Christmas is a little more than two weeks away, and toy drives around the country are in full swing. A North Dakota organizer shares some things to keep in mind if you're planning a donation in the coming days.

Willy Soderholm, executive director of the Community Action Partnership office serving a seven-county area in the state's Minot region, leads a team that carries out an annual holiday effort to provide toys for low-income families. He said that a common struggle most years is a need for gifts for teenagers, citing things you can get for this age group that shouldn't cost more than $20.

"They always like electronics," he said, "you know, headphones, earbuds, mini speakers you can get."

He said room decorations or body-care gift sets also work for older kids.
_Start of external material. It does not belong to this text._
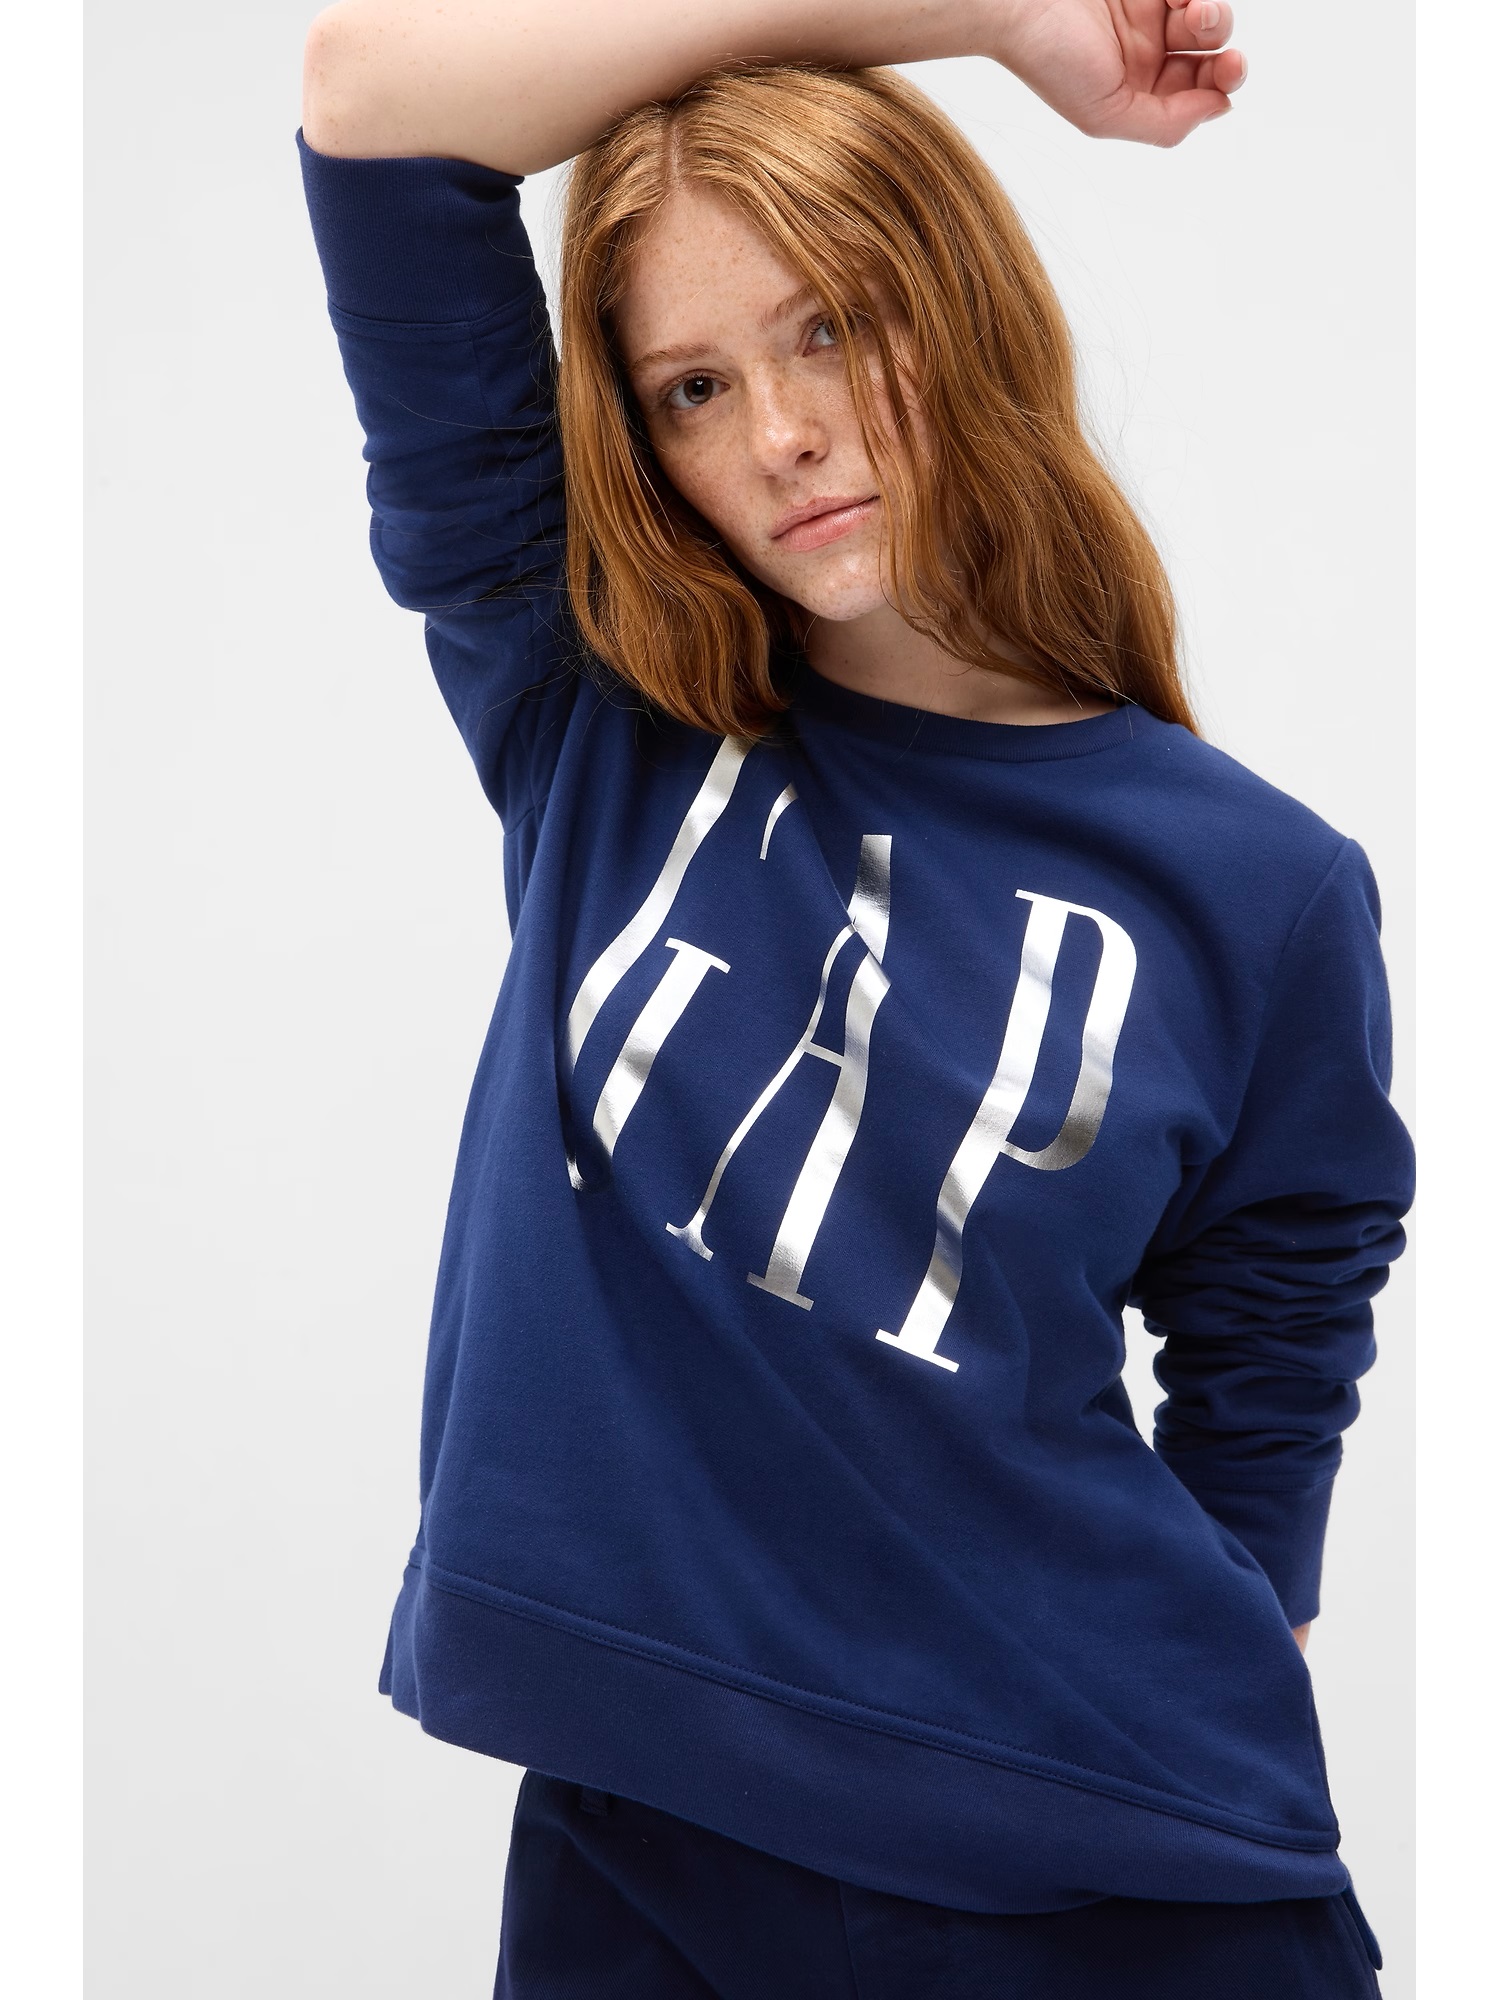 GAP Sweatshirt with metallic logo - Women

This year, Soderholm said his office needs more toys for boys between ages 5 and 10. If you live in an area with a diverse population, he recommended considering culturally appropriate gifts.
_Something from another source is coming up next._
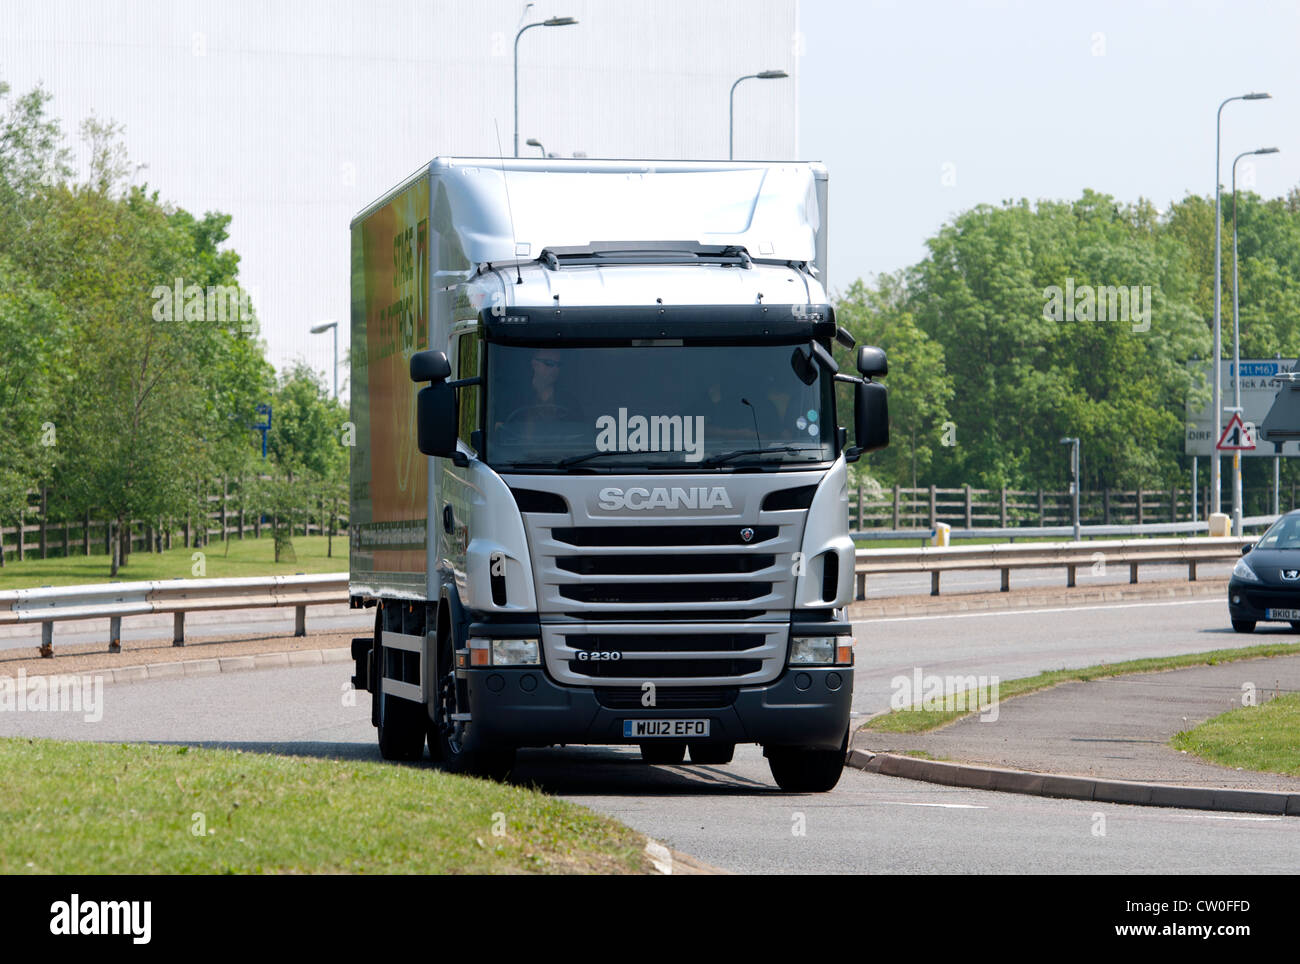 Scania lorry at DIRFT, Northamptonshire, UK Stock Photo

Organizers urge checking messaging sent out by local toy-drive leaders, to find out which donations are in demand and what age groups they serve.

While most people might buy a gift and drop it off at a nearby donation bin, Soderholm said there have been instances of used toys being donated in his region. The thought is appreciated, but he said kids in need should always feel the joy of opening a brand-new gift during the holidays. And something used isn't easy for the staff, either.

"We don't have the capacity or the ability to repair some of these toys," he said, "and typically, you know, they would have to be sanitized."

Community Action Partnership's toy drive in the Minot region allows eligible parents to schedule an appointment and come and choose gifts for their children. The office anticipates helping 250 families this year, with Soderholm noting many households are struggling with high rent costs and grocery bills.

Disclosure: Community Action Partnership of North Dakota contributes to our fund for reporting on Budget Policy & Priorities, Health Issues, Housing/Homelessness, Hunger/Food/Nutrition. If you would like to help support news in the public interest, click here.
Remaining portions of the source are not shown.